AES support in Westmere
In one of the lectures on the crypto-class professor Dan Boneh mentioned that the Intel's Westmere architecture has native instructions aiding with the AES cipher.
Or formally speaking - newer CPU's support AES-NI instruction set.
I decided to play with this instructions for a while and implement a simple AES-128 CTR stream cipher.
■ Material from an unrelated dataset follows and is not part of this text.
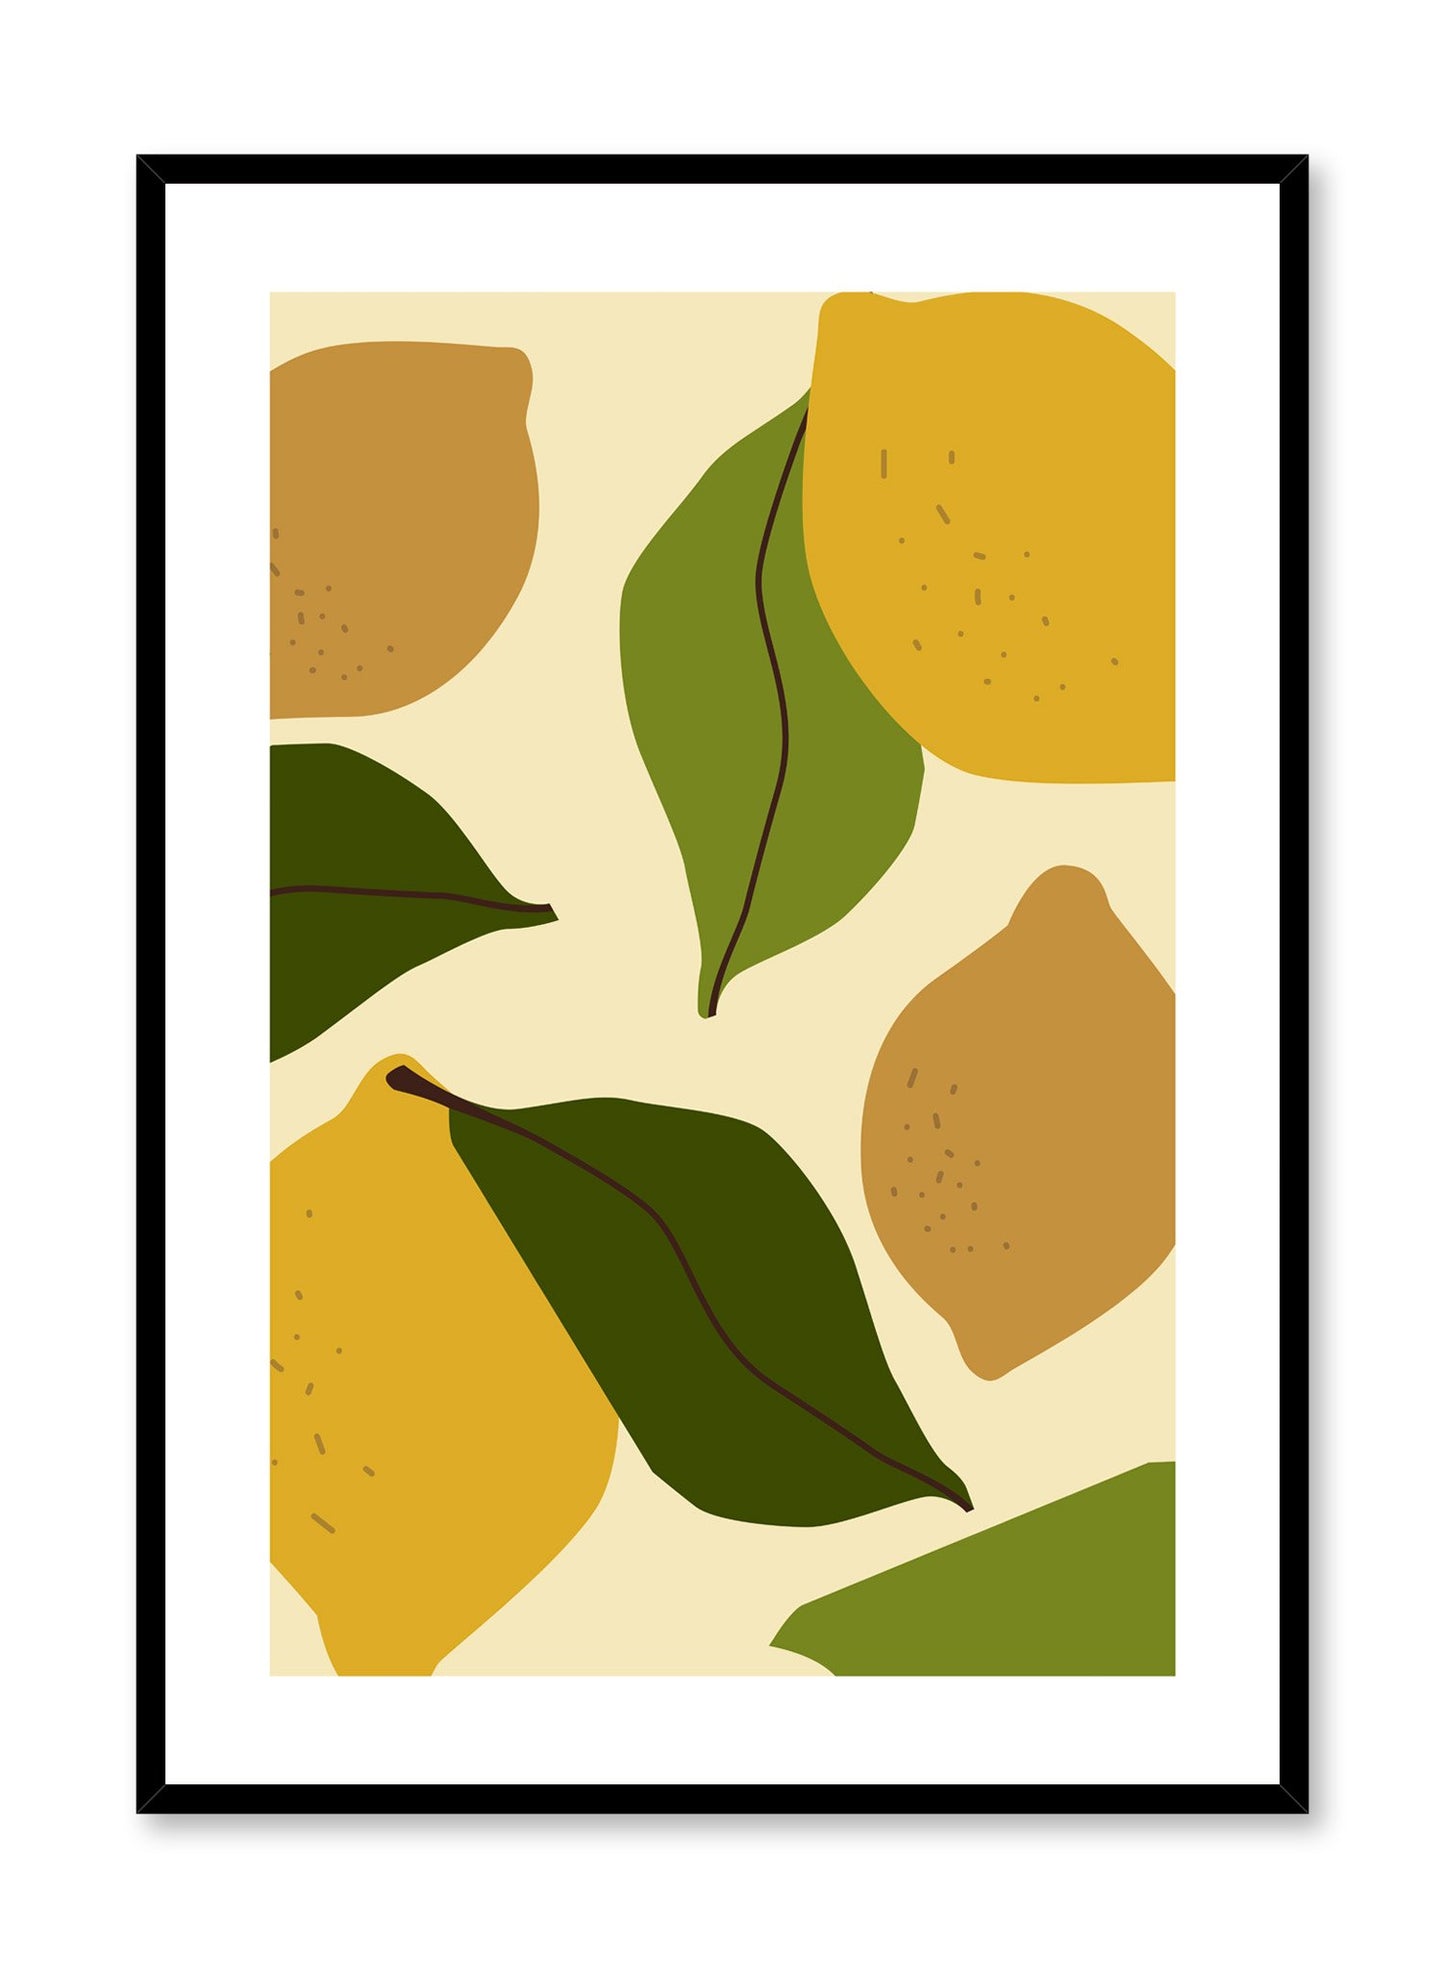 Lemon Party is a citrus illustration poster by Opposite Wall.

I'm not experienced in writing assembly I mostly derived the code from
the
aesni-intel_asm.S
file from linux kernel.
Additionally, Intel's original AES-NI documentation is quite usefull.
I'll be using AT&T syntax and targetting x86-64.
Key expansion
First, AES takes a fixed length key, in our case it's 128 bits, and expands it. In our case we'll have eleven round keys.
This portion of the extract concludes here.